Amazing Ros Tapestry in full view at Kilkenny Castle

Picture this: the wonderful displays of the Ros Tapestry exhibition in Kilkenny Castle.

HISTORIC Kilkenny Castle is playing host to an exhibition of the Ros Tapestry
The Office of Public Works (OPW) has provided space at the castle for the tapestries which were moved for their protection from the Tapestry Centre on the quays in New Ross, Co Wexford last year.
The temporary new home set the tapestry housed in a castle built by Isabel de Clare and William Marshal in the early 13th Century, and whose life stories are entwined in these tapestry panels.
Minister of State with responsibility for the Office of Public Works Minister Patrick O’Donovan, said: ‘This collaboration between the board of The Ros Tapestry and the OPW is a great opportunity to showcase these exquisite panels, which commemorate the Norman history of New Ross and South East Ireland.
“We should also appreciate the wonderful embroidery skills and sheer dedication of the many craftspeople who have for over 20 years worked tirelessly in bringing these characters to life.’
The Ros Tapestry exhibition, which was launched by journalist and Carlow native Olivia O’Leary earlier this month, has drawn in thread the story of the Normans and their arrival in the south east and the consequent development of the dynamic port of Ros is depicted in a series of fifteen large striking embroidered panels.
The Ros Tapestry project is the thinking of Rev. Paul Mooney of St Mary’s Church, New Ross, who was inspired by the famous Bayeux Tapestry in France. He conceived the idea of creating a series of tapestries to commemorate the Norman history of New Ross and South East Ireland.
The first tapestry was completed in 2002 and to date 14 of the 15 tapestries are finished. The final one is being stitched in Kilkenny and is nearing completion.
Volunteers throughout the country have done all the stitching, with well over 150 stitchers contributing, working both at home and in local venues. Each tapestry is embroidered on to Jacobean linen twill fabric with woollen thread using a multitude of different stitches, such as ‘Long and Short’, ‘French knots’ and ‘Bullion knots’.
It takes about an hour to stitch one square inch and can take anything from three to seven years to complete a panel.
Mary Lou O’Kennedy from the board of The Ros Tapestry said: ‘We are delighted to partner with the OPW who have created a stunning display of the Tapestry in the wonderful surroundings of Kilkenny Castle. This exhibition will bring the extraordinary work of its creators and stitchers to a wider national and international audience which we hope will continue when it returns to its permanent home in the Norman Centre, currently under development in New Ross.”
The tapestries can be viewed at The Gallery, Kilkenny Castle, up until September 2023, from 9:30 am till 5:30 pm daily (last admission 5 pm).

The story of this community project …

THE Ros Tapestry Project is a major community arts and history project centred on New Ross.
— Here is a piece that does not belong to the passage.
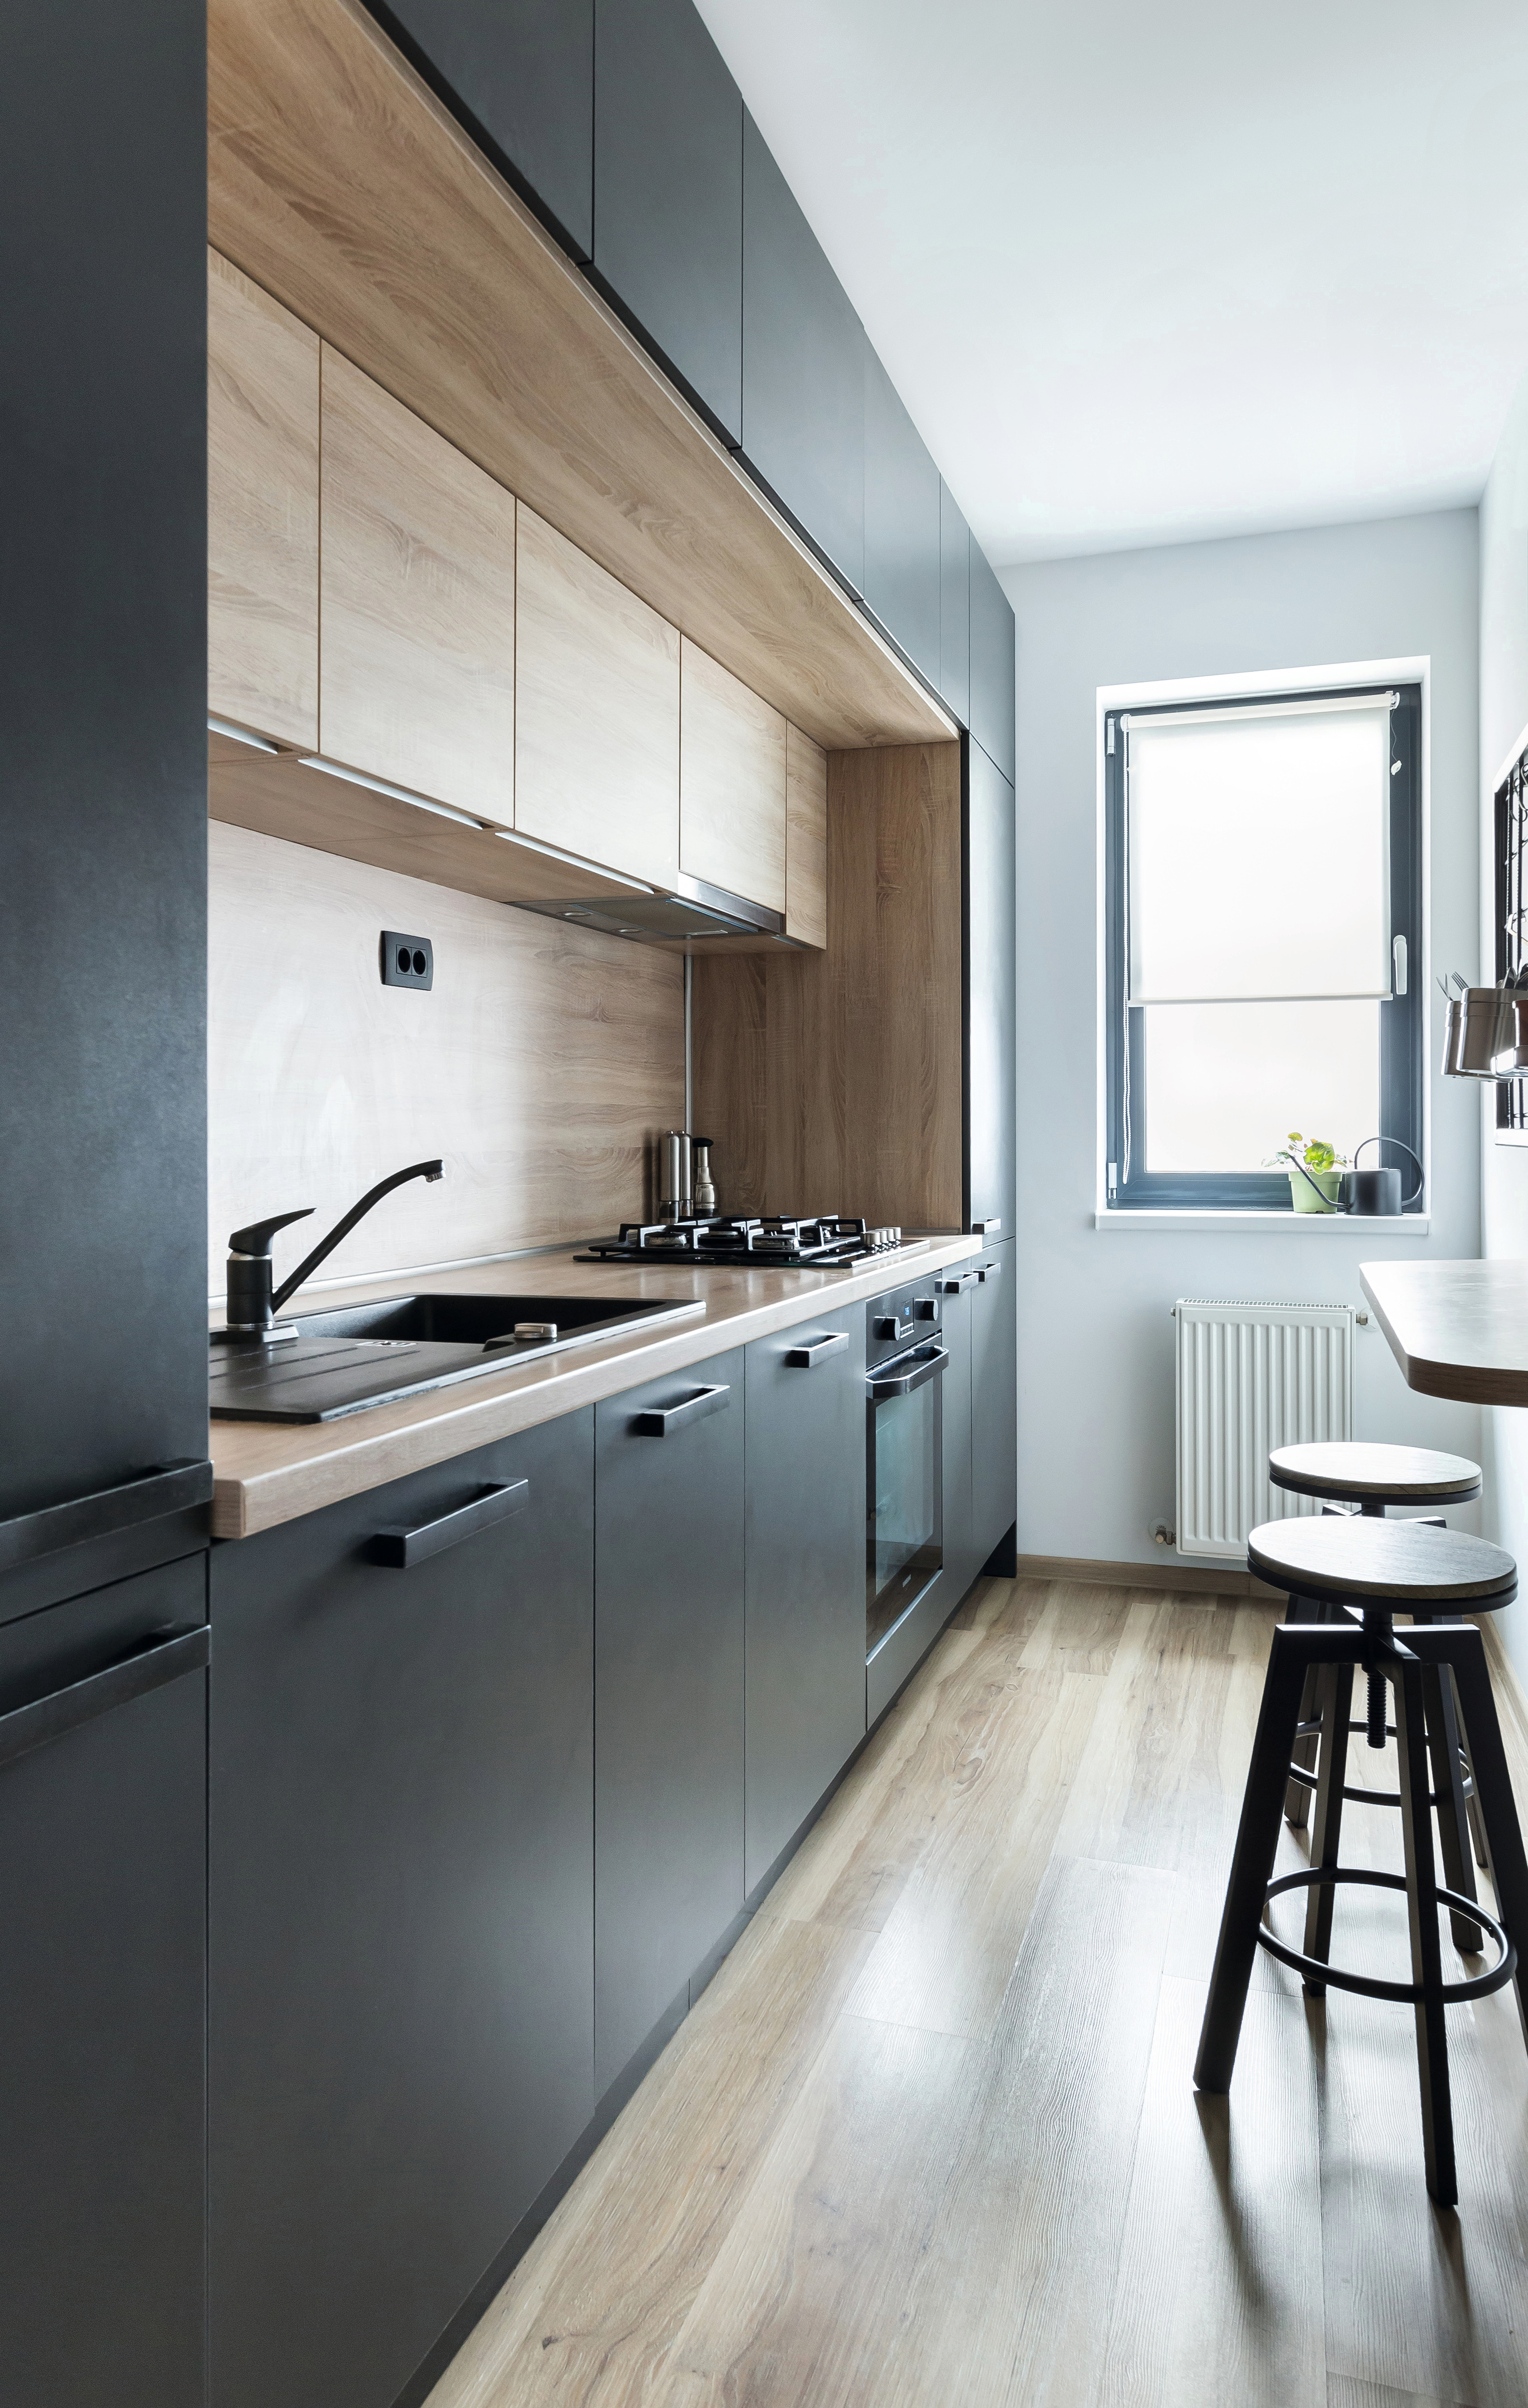 Správný výběr barev a geometrické uspořádání vytváří moderní vzhled kuchyně.

The project is dedicated to producing a tapestry a in 15 panels which tells the story of the coming of the Normans the to Ireland in the 12th century and the foundation of the port and town of New Ross at the beginning of the 13th century.
Each tapestry panel is approximately four and a half feet deep (1.5m) by six feet (1.8m) wide and tells of a unique aspect of the epic story. Six panels were finished for an Exhibition in 2007 and a further nine panels are now (2020) completed.
The project began in May 1998 with an idea to make a tapestry telling the story of the coming of the Normans to Ireland in tapestry form and to hang this tapestry in the historic St Mary’s Church of Ireland Church in New Ross.
The idea originated with the Rector of the Church, Reverend Paul Mooney, who then consulted with Alexis Bernstorff, an art historian and professional in the field of tapestry and fabric restoration.
Throughout the summer of 1998, Dr. Mooney and Alexis Bernstorff consulted with local artist Ms. Reiltin Murphy to create a visualisation of how the tapestry could be best displayed in the Church of Ireland parish church.
At that time the focus of the tapestry widened from the story of the Norman expansion into Ireland in the latter part of the 12th century to include the founding of the port and town of New Ross at the beginning of the 13th century.
A provisional list of 15 themes for tapestry panels was outlined, as well as the measurements for the panels to be hung from the gallery of the late Georgian, early 19th-century church.
Countess Ann Griffin Bernstorff, professional artist and mother of Alexis Bernstorff, was approached to consider designing the tapestry and offered to paint the cartoons for the fifteen panels. Countess Bernstorff began with some experimental pieces in the Autumn of 1998 and a draft plan for the project was produced and circulated at that time.